Plants get a second chance

By Lise Funderburg

The Philadelphia Inquirer
June 9, 2006

A gardener who laments buying too much in the spring finds redemption in her annual plant sale.

For most local gardeners, late spring signals a full release from winter’s purgatory. In comes the daily ritual of watching for the first peony, the first rose, the first hovering hummingbird.

For me, after seven years of gardening — much of it marked by a neophyte’s craving for every new plant I came across — the season just lays out evidence of chronic overpurchasing. Some plants have died; many flourished. I have a bleeding heart that now attains the size of a small apartment building each May and then drops seeds that go forth and multiply.

Turns out plant-care tags and reference books aren’t lying when they describe “mature height” and “spread.” Turns out gardening is not the place to accept things at face value: Things grow.

Now that everything has filled in and spread with abandon, I have what is called an excess of plant material. I’ve also started to understand the power of swathing and massing, the impact of a stand versus a mishmash.
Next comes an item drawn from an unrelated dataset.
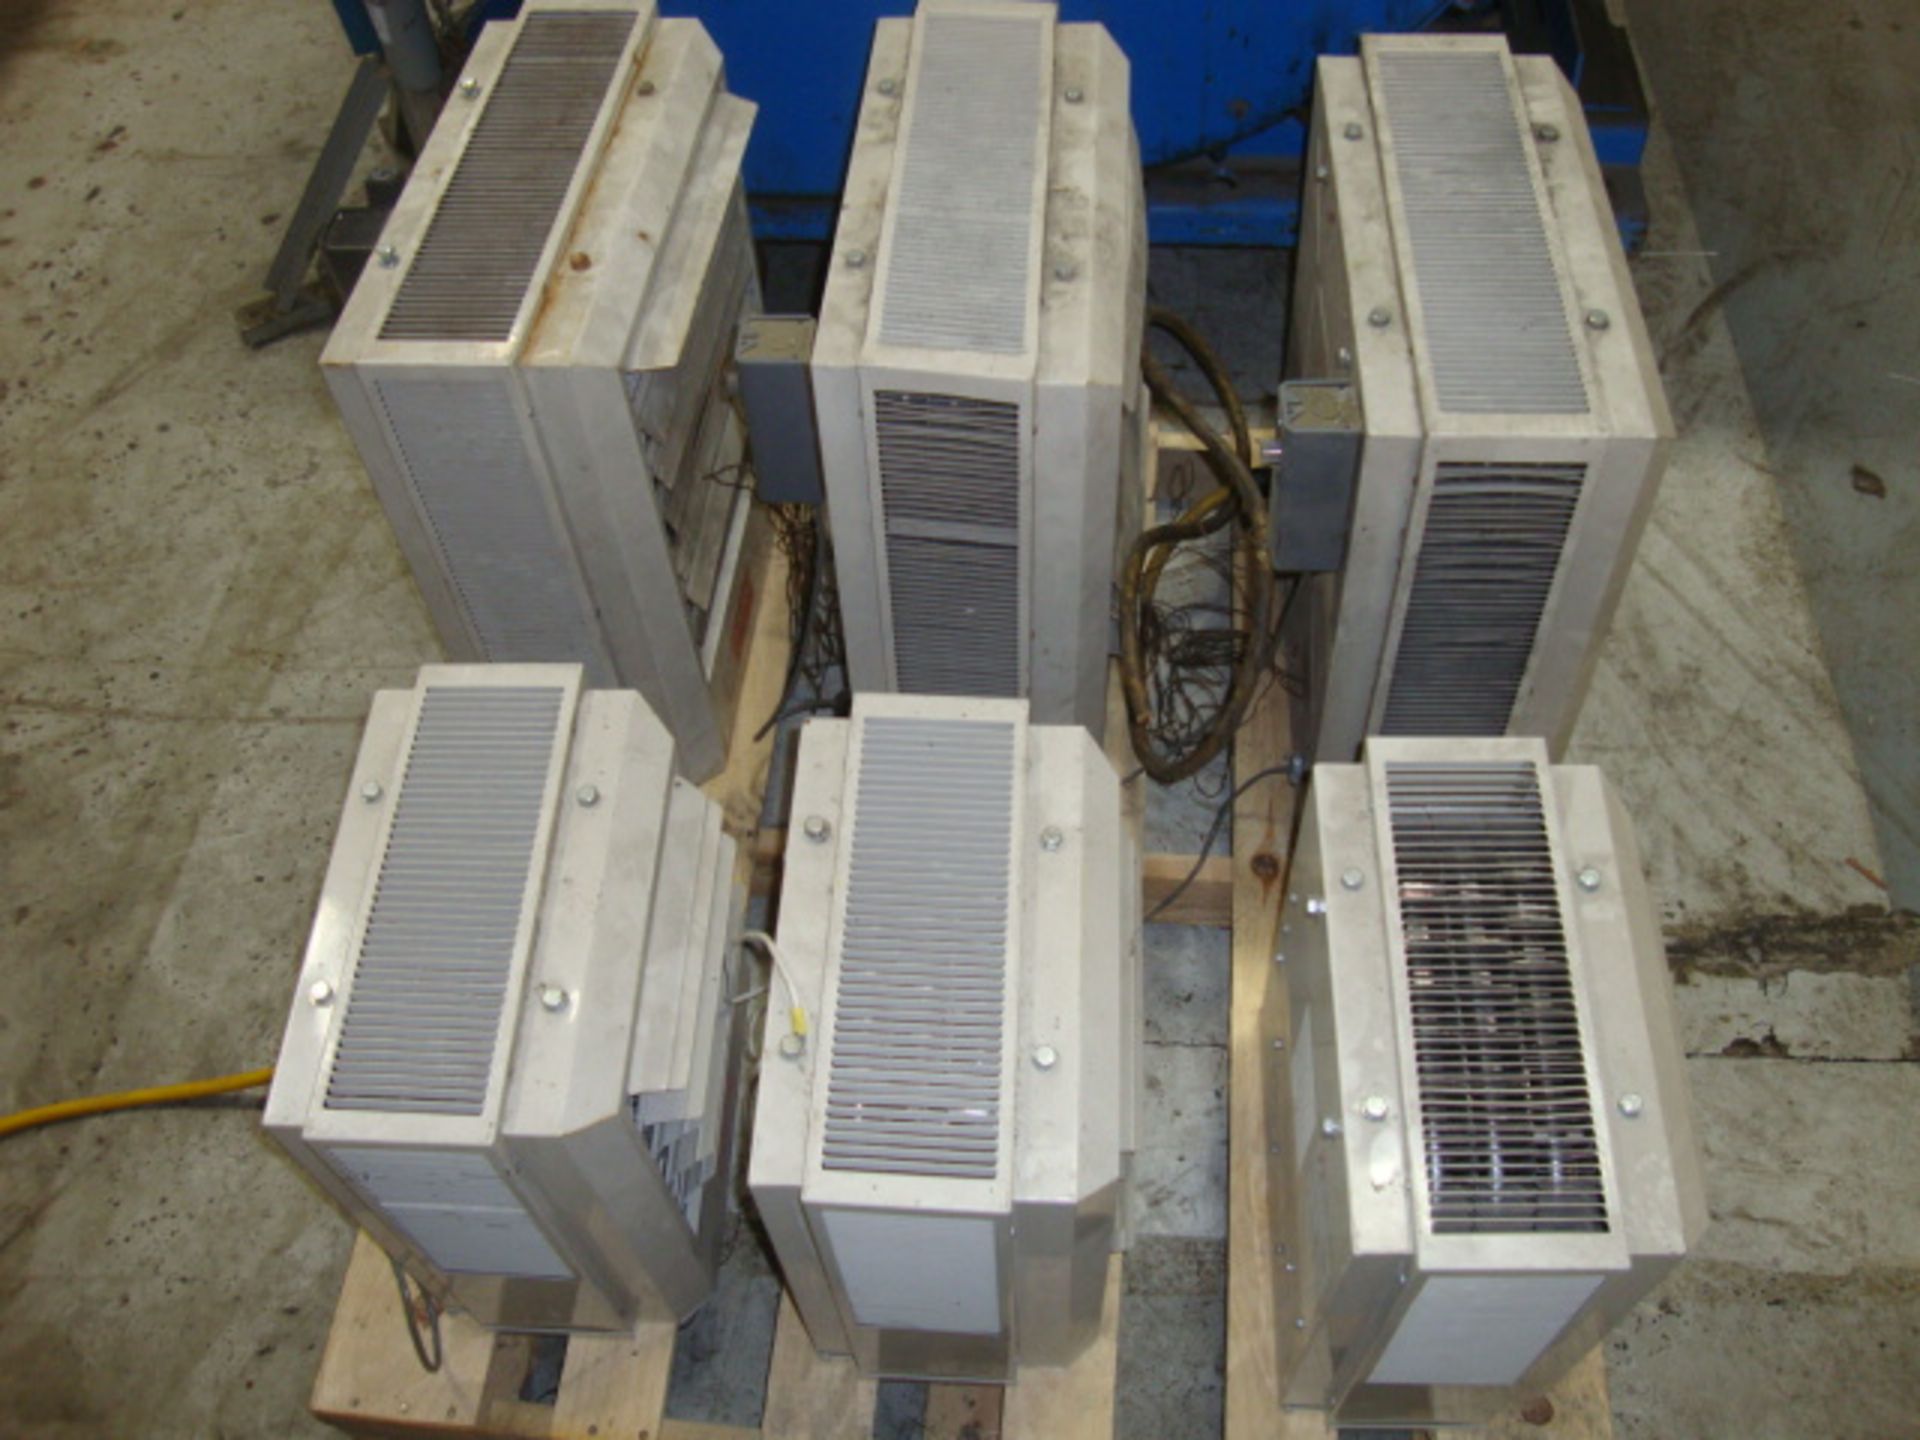 Lot of 6 Dayton Electric Heaters, 3 Model 3UF87 and 3 Model # 2YU63, 480V, 3ph - Image 2 of 3

As a result, I’ve been forced to create my own vernal ritual: the Divide and Conquer Plant Sale. In a daylong extravaganza of reusing, recycling, and neighborly jawing, I get rid of a shocking number of plants without making a dent in my garden.

This year’s sale is set for tomorrow.

Last year, I spent early spring rummaging through my garden for excess seedlings and overgrown plants I could uproot or divide. I planted the extras (and a smidge of rooting hormone) into the embarrassing stockpile of plastic nursery pots I had somehow accumulated. For weeks on end, I’d have daily potting sessions, using dirt from the yard after sifting out weeds, especially goutweed’s stealthy runner roots and Star of Bethlehem’s dreaded cluster-bomb bulblets. I finished with a trowel scoop of organic fertilizer, and annexed another foot or two of my driveway’s macadam.

When I ran out of containers, I combed my Mount Airy neighborhood on trash day. Each week, I’d find a mother lode of pots and trays. From my local food co-op, I took discarded plastic fish boxes and drilled out drainage holes, making them into flats for sweet woodruff and lamium and sedum.

I enlisted my 81-year-old gardening-savvy mother as general factotum, offering her a gross-profit-based bonus (known to her generation as “pin-money”). She pruned back the sorrier specimens I’d collected, widened the aisles I’d made through the rows of plant pots, occasionally made comparisons to Charlie Brown’s Christmas tree, and tagged and priced my inventory, which, on the eve of the sale, exceeded 700 plants.

Since the average per-plant price was a dollar, wealth was not the goal. I just couldn’t stand the thought of tossing baby hellebores and clumps of monkey grass into the trash, as some gardeners I know do. I still can’t get over the fact that anything I’ve planted comes back each year, much less spawns.

On sale day, I set my mother up with a chair, a change-stocked money apron, several reference books, and a cup of coffee. There was no chance for pre-sale jitters: My friend Margie ambled up the driveway two hours before start time.

“I’ll take everything,” she said. She wasn’t kidding.

We compromised: I sold her all the black-eyed Susan, miscanthus, and bee balm, and promised that if she came back in the afternoon, she’d get a deeply discounted track at what was left.

Others came up the driveway in trickles, then in steady streams. By late morning, my mother and I were juggling four customers each, when we weren’t trying to sneak in chats with old friends and neighbors, or doling out advice.

“That’s a spreader,” I’d warn anyone eyeing the tricolor houttuynia. “And by that, I mean invasive.”

About an hour into the sale, I worried that I didn’t have enough pizzazz. The large and showy plants were gone; what remained was just, well, green. I needed a little Vegas, a little Liza Minnelli. I went into the garden with a shovel, digging up hosta “Moonglow,” blue creeping phlox, and Brunnera. These went like hotcakes.

The vice president of the local cactus and succulent society bought up the more unusual sedum; a rabbinical student asked if she could rent the biggest hosta for her graduation party.

I closed up about 4 o’clock, even though 100 plants — the sorrier specimens, to be sure — remained. My mother added my wad of small bills to hers and went inside to count. She came back looking stunned: We’d pulled in $623.

The money was icing on the cake, although if I were to cut back on mulch and adhere to my new swathing plans, it might just about match my spending for one gardening season.

What mattered more was that I’d made use of something I could no longer use, that I’d found homes for plants that have given me great pleasure, and that I’d filled those spring days with the best kind of sowing and reaping.

If You Go

Lise Funderburg’s third Divide and Conquer Plant Sale is set for 10 a.m. to 2 p.m. in Mount Airy. Rain date is Sunday.